An Investors’ Rights Agreement is a complex legal document outlining the rights and responsibilities of investors when purchasing a company’s stock or other form of securities. Investors’ Rights Agreements can cover several different rights awarded to the investors, depending on the agreement between the two parties. Almost always though the agreement will cover three basic investors’ rights: Registration rights, Information Rights, and Rights of First Rejection.
Registration Rights are contractual rights of holders of securities to have the transfer of those securities registered with the SEC under the Securities Act of 1933. In other words, Registration Rights entitle investors to force a small business to register shares of common stock issuable upon conversion of preferred stock with the Securities and Exchange Commission. A venture capitalist shareholder especially wants the ability to register his shares because registration provides it with the ability to freely sell the shares without complying with the restrictions of Rule 144.

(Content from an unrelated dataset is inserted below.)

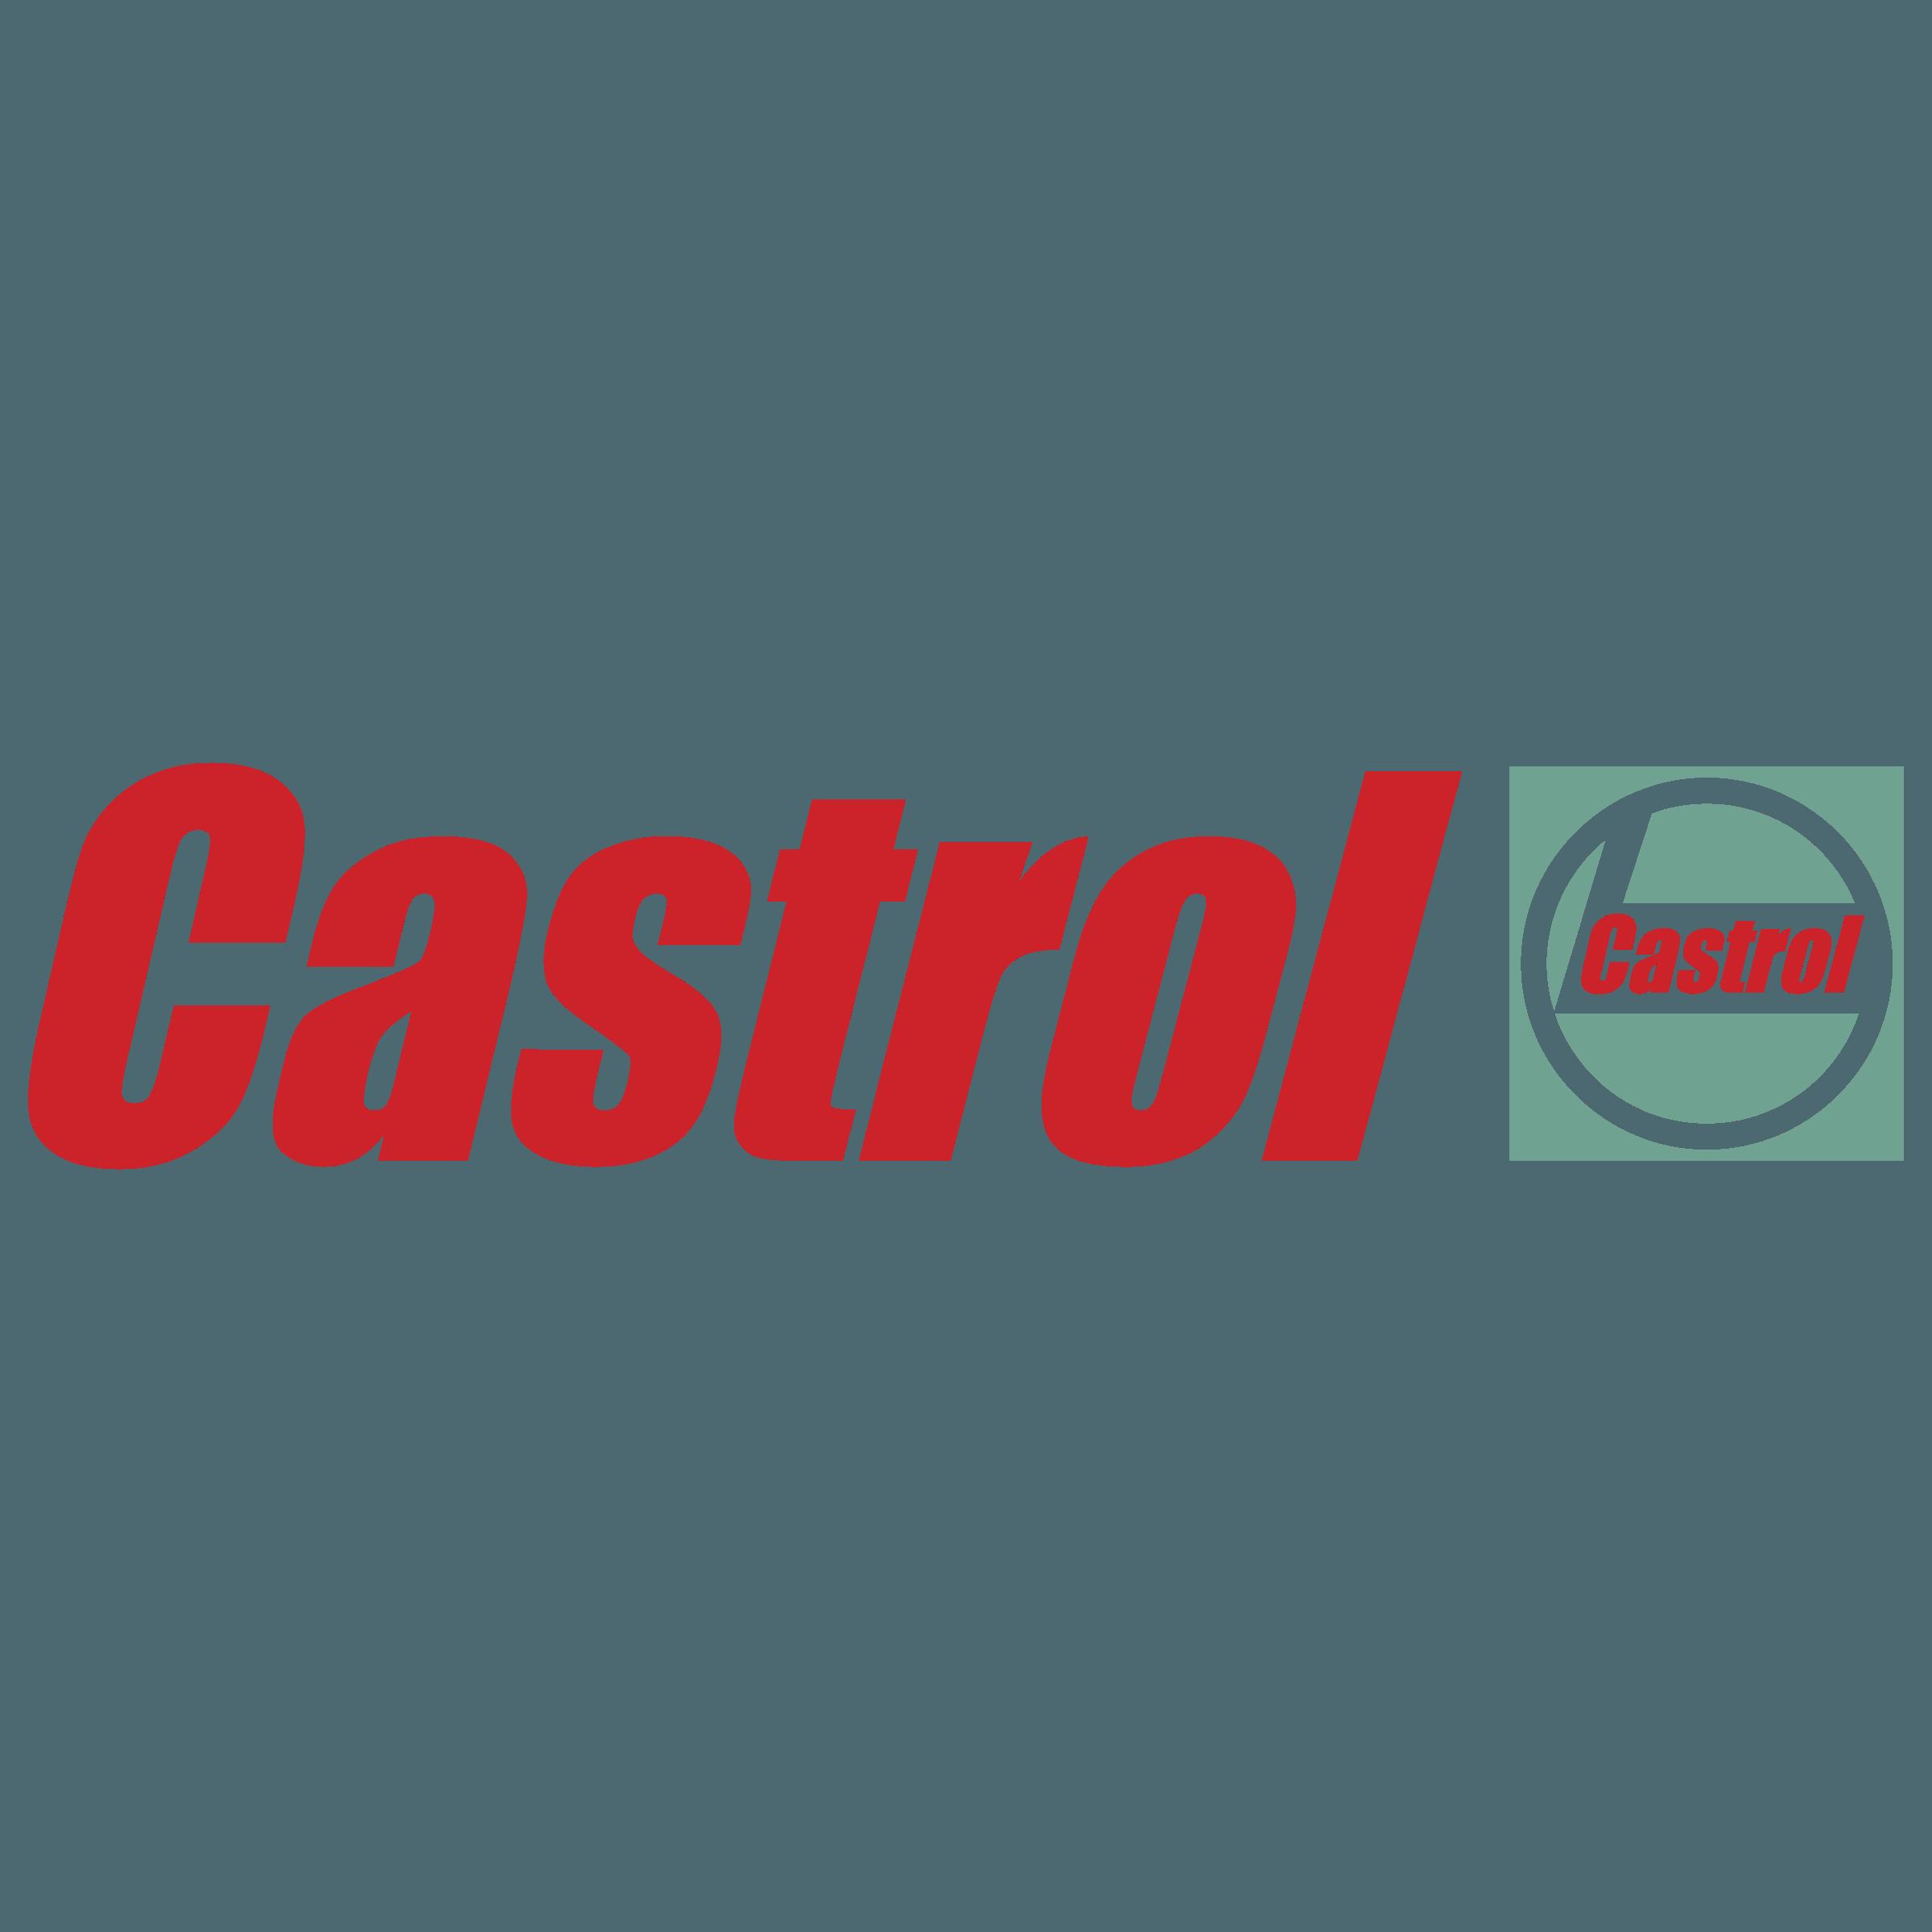 castrol png 8

In any solid Investors’ Rights Agreement, the investors will also secure a promise via the company that they’ll maintain “true books and records of account” from a system of accounting in keeping with accepted accounting systems. Corporation also must covenant anytime the end of each fiscal year it will furnish each stockholder a balance sheet from the company, revealing the financials of supplier such as gross revenue, losses, profit, and net income. The company will also provide, in advance, an annual budget each and every year and a financial report after each fiscal three months.
Finally, the investors will almost always want to secure a right of first refusal in the Agreement. This means that each major investor shall have the authority to purchase a professional rata share of any new offering of equity securities along with company. This means that the company must records notice to the shareholders from the equity offering, and permit each shareholder a specific quantity of a person to exercise as his or her right. Generally, 120 days is handed. If after 120 days the shareholder does not exercise her / his right, than the company shall have selecting to sell the stock to other parties. The Agreement should also address whether or even otherwise the shareholders have a right to transfer these rights of first refusal.
There are also special rights usually awarded to large venture capitalist investors, similar to the right to elect at least one of the company’s directors along with the right to sign up in manage of any shares expressed by the founders of supplier (a so-called “Co Founder Collaboration Agreement India-sale” right). Yet generally speaking, keep in mind rights embodied in an Investors’ Rights Agreement the actual right to register one’s stock with the SEC, the ideal to receive information of the company on the consistent basis, and obtaining to purchase stock in any new issuance.